彼の称号から気付かれるように著者は華族の一人で,17世紀の始めに幕府を樹立し,明治維新(1868)まで年近く日本を統治した德川家[1]の分家,尾張徳川家の第19代当主であった。以下は彼の孫に当る徳川義宣氏から与えられた彼の略歴である。

      義親(幼名:錦之丞)は 1886年10月5日,越前藩主松平春嶽の五男として出生された。彼は尾張徳川家を継ぐために 1908年に養子に入り,翌年先代の娘米子と結婚した。彼の経歴は武家出身の華族にしては寧ろ稀であった。同じ出自の人の多くが政治家,外交官,或いは軍人になる中,彼は東京帝國大學で史学と生物学を修め,彼自身が 1918年ならびに 1923年に設立した徳川生物學研究所および德川林政史研究所で研究を継続した。これらの研究所は金持の道楽室の類ではなく最高レベルの研究機関であって,前者の所長には著名な生物学者であり彼の恩師であった服部廣太郎教授を大学から引抜いて据えた。彼はまた,尾張家の膨大な財宝を寄付して一般公開するため1931年に徳川美術館を設立した。同美術館は上述の研究機関とともに同年に設立された財團法人徳川黎明會[2]に組入れられた。

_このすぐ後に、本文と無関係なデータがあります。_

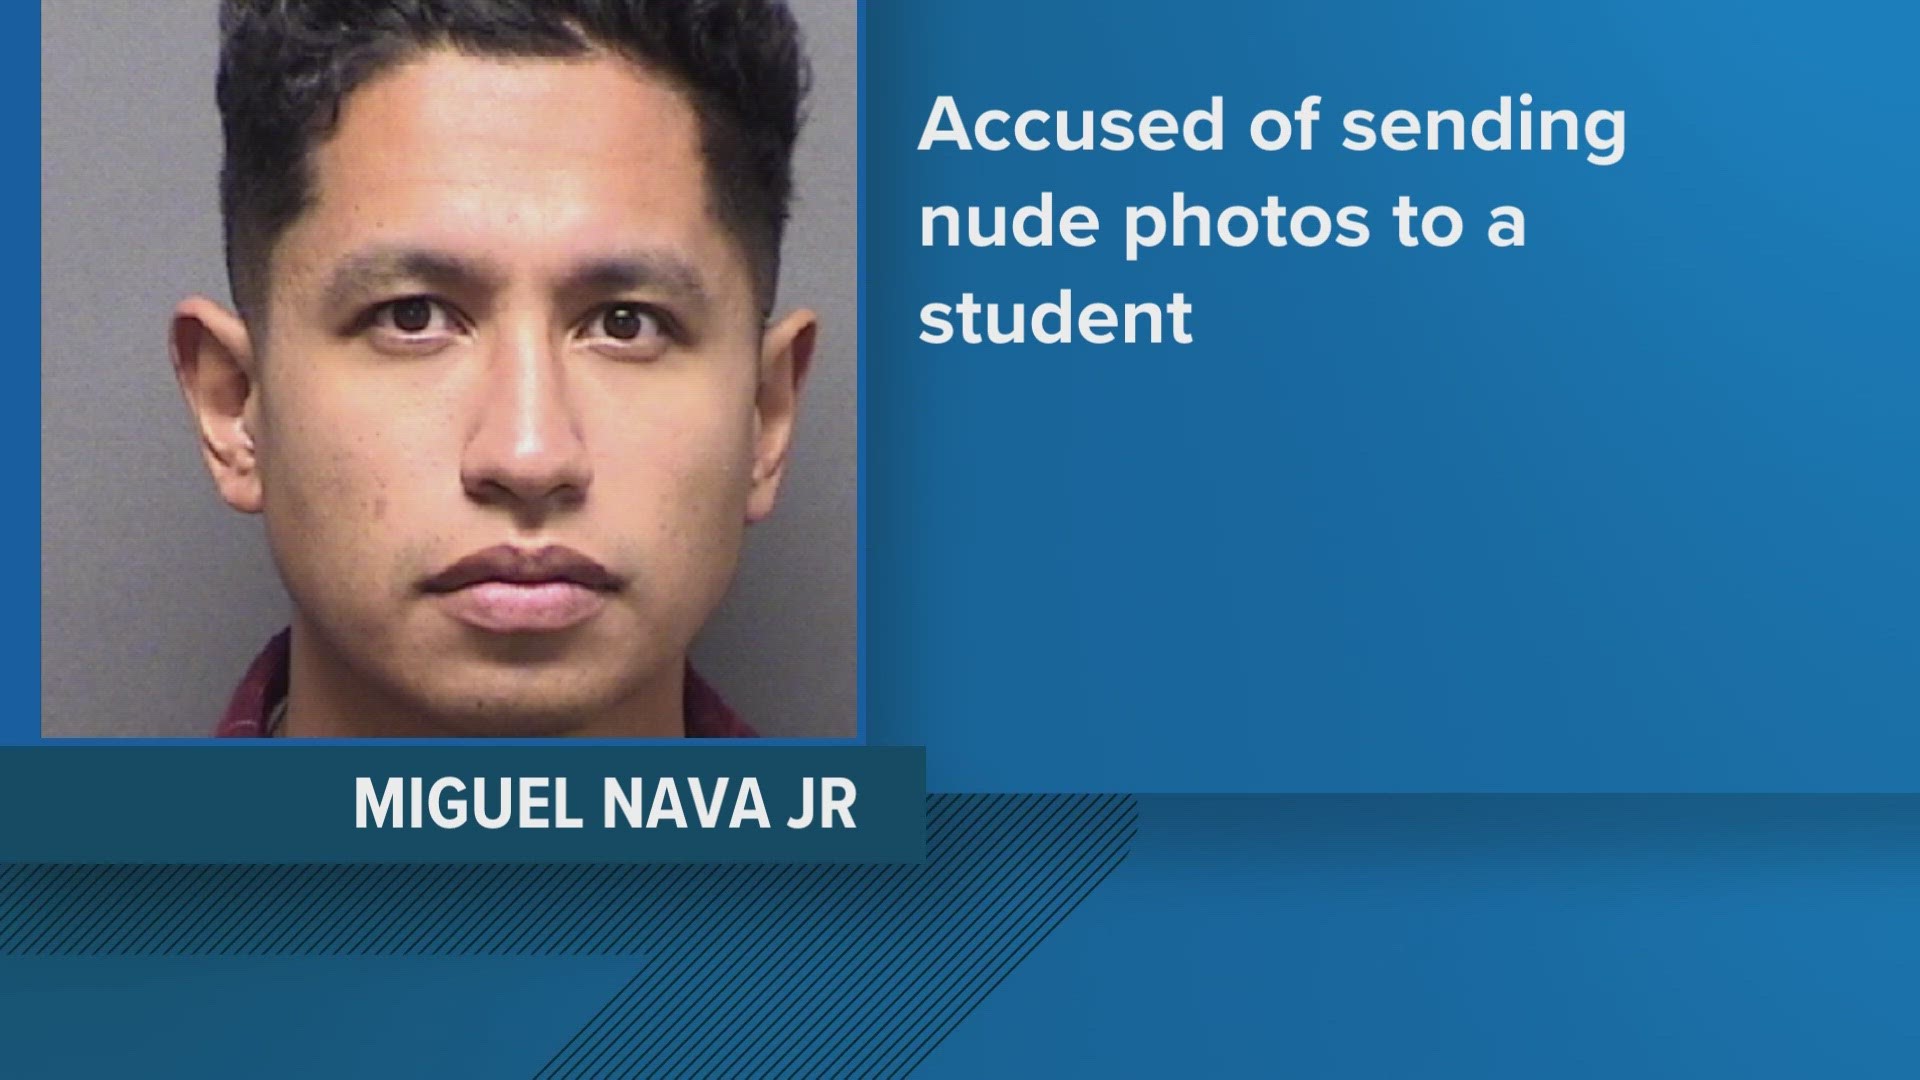 A student reported to a teacher after hearing about the nude photos and felt concerned for her well-being.

      左様な学者の最大の趣味が狩猟であったこと,然も対象が雉や狐ではなく熊,虎,象であったことも,彼自身が述懐されたように異常であって[3], このことによって彼はジョホールのサルタンと知己を得られることとなった。マラヤは,1921年にアレルギーの転地療養のため,当時流行のハワイを排して選ばれた地であって,その途上,ジャワの地を初めて踏まれた。同年,彼は夫人同伴でヨーロッパに旅され,そこに1年間滞在された。ジャワへの2回目の訪問は 1929年,バタフィア-バンドンで開催された第4回太平洋學術會議の折であって,日本代表団の一員として参加,日本への帰途にはボルネオ,セレベス,マラヤに足を伸ばされた。これらの旅は令孫仰せの通りの『大名旅行』であったが,可能な限り一般人と同様に振舞われたことは驚きである。例えばシンガポールで御一人のとき,彼は安宿に泊まって食料は通りの屋台で賄われた。マラヤのジャングルでは土地の人と一緒にキャンプし,召使の料理を何でも食された。彼は通訳を雇うことなく,後年,『馬來語四週間(徳川義親,朝倉純孝共著,大学書林 1937)』を著された。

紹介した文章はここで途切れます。